From Friday's Financial Times:
The dollar has fallen against currencies where base rates are both significantly higher and lower than in the US, indicating that current yield differentials are not playing a significant role. But a strong Ifo survey of German business sentiment, against a backdrop of poor US data, may have reinvigorated the view that rates on each side of the pond are heading in different directions. This survey was released on Thanksgiving, into light trading volumes, perhaps exacerbating the sell-off. By the time turkey-gorged US traders returned to work, the trend was established.
Of course, this comment ignores the fact that the dollar has been plunging since Columbus Day, not only since Thanksgiving. Against the euro, the USD fell 2.4 (euro)cents from 10/10 to 11/22 and another 2.3 (euro)cents from 11/22 to 12/1; against the pound, down 1.7p from 10/10 to 11/22 and another 1.7p since 11/22.

Certainly the pace of the Big Skid has picked up recently, but it's only accelerating a more long-standing trend.

Friday, December 01, 2006

As I was saying . . .

Good ol' Mr. Washington isn't dropping his jaw over the new Britney Spears photos.


While this most recent decline in the USD has been under way since November of last year, the real dramatic slide began just after Columbus Day. Up to yesterday, the broad dollar is -2.4% and the major currencies dollar is -3.3% over just these seven weeks. And as usual, dollar decline is vented upon the European currencies first and foremost: the USD is -5.4% against the euro and -5.8% against the pound since 10/10.

It will be interesting to see the October 2006 TIC data when it comes out on December 15. For the 12 months up through September 2006 the US was importing in net terms around $75bn per month of both long-term and short-term portfolio investment. That figure is a bit deceptive, however. In recent months, foreign net short-term portfolio investment has completely dried up. Perhaps long-term purchases have begun drying up, too, over the last two months. We'll have to wait another two weeks for a peek at the data.

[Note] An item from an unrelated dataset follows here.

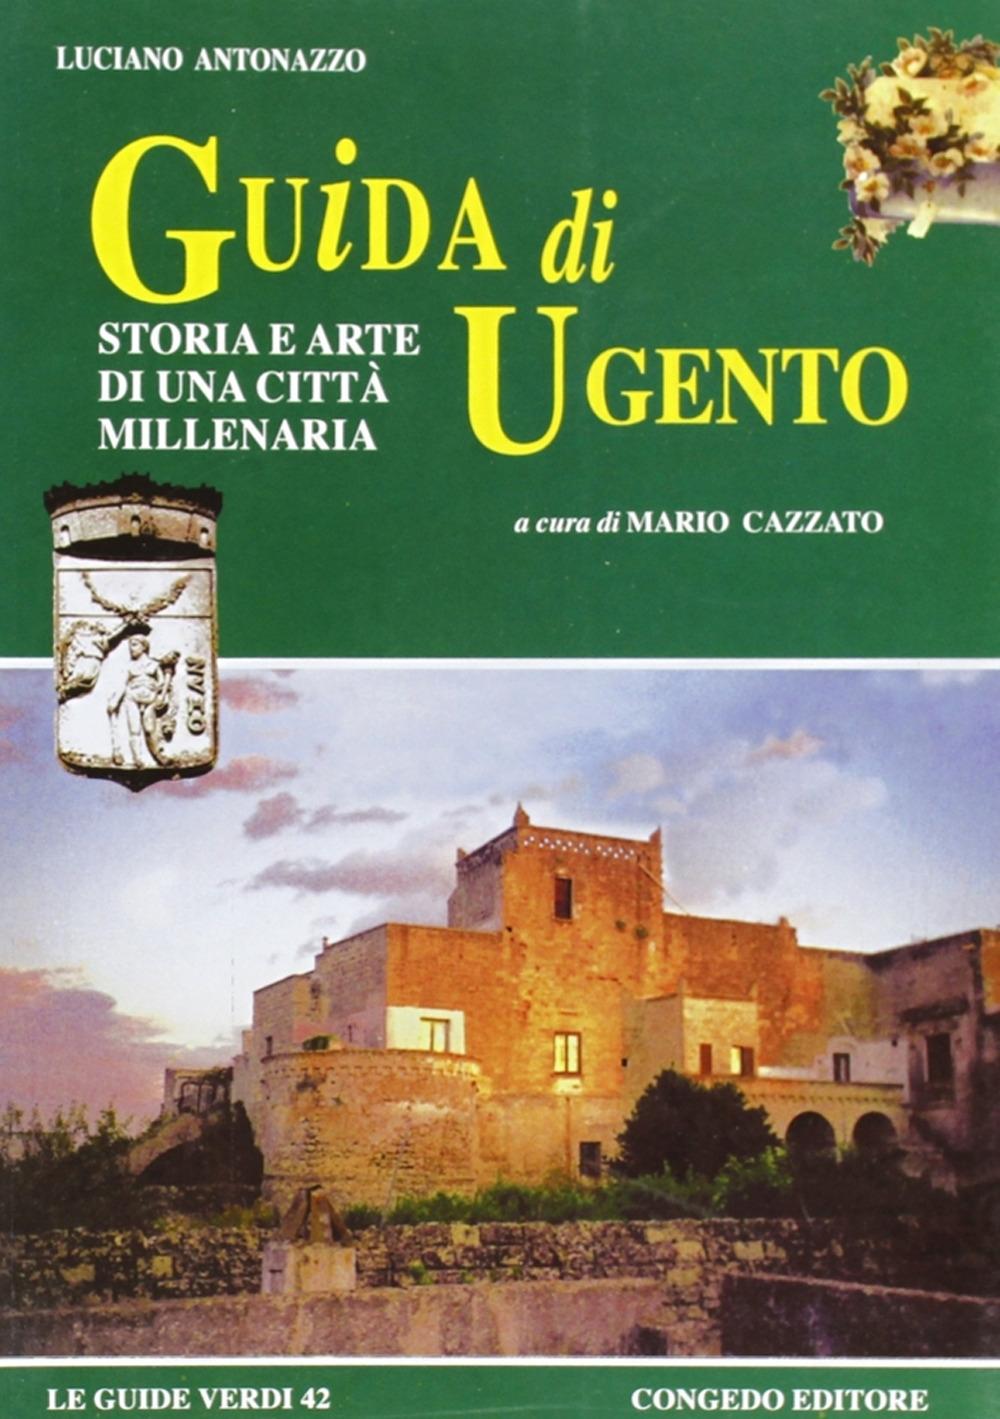 Guida di Ugento. Storia e arte di una città millenaria

In the grand scheme of things, this is not a bad outcome for the US. It would be better if dollar decline could vent against the Asian currencies more, but overall decline is a good thing in the big picture. One just needs to hope that these tremendous global imbalances unwind relatively slowly rather than precipitously. I'm the last person in the world who wants to see Volcker Shift II.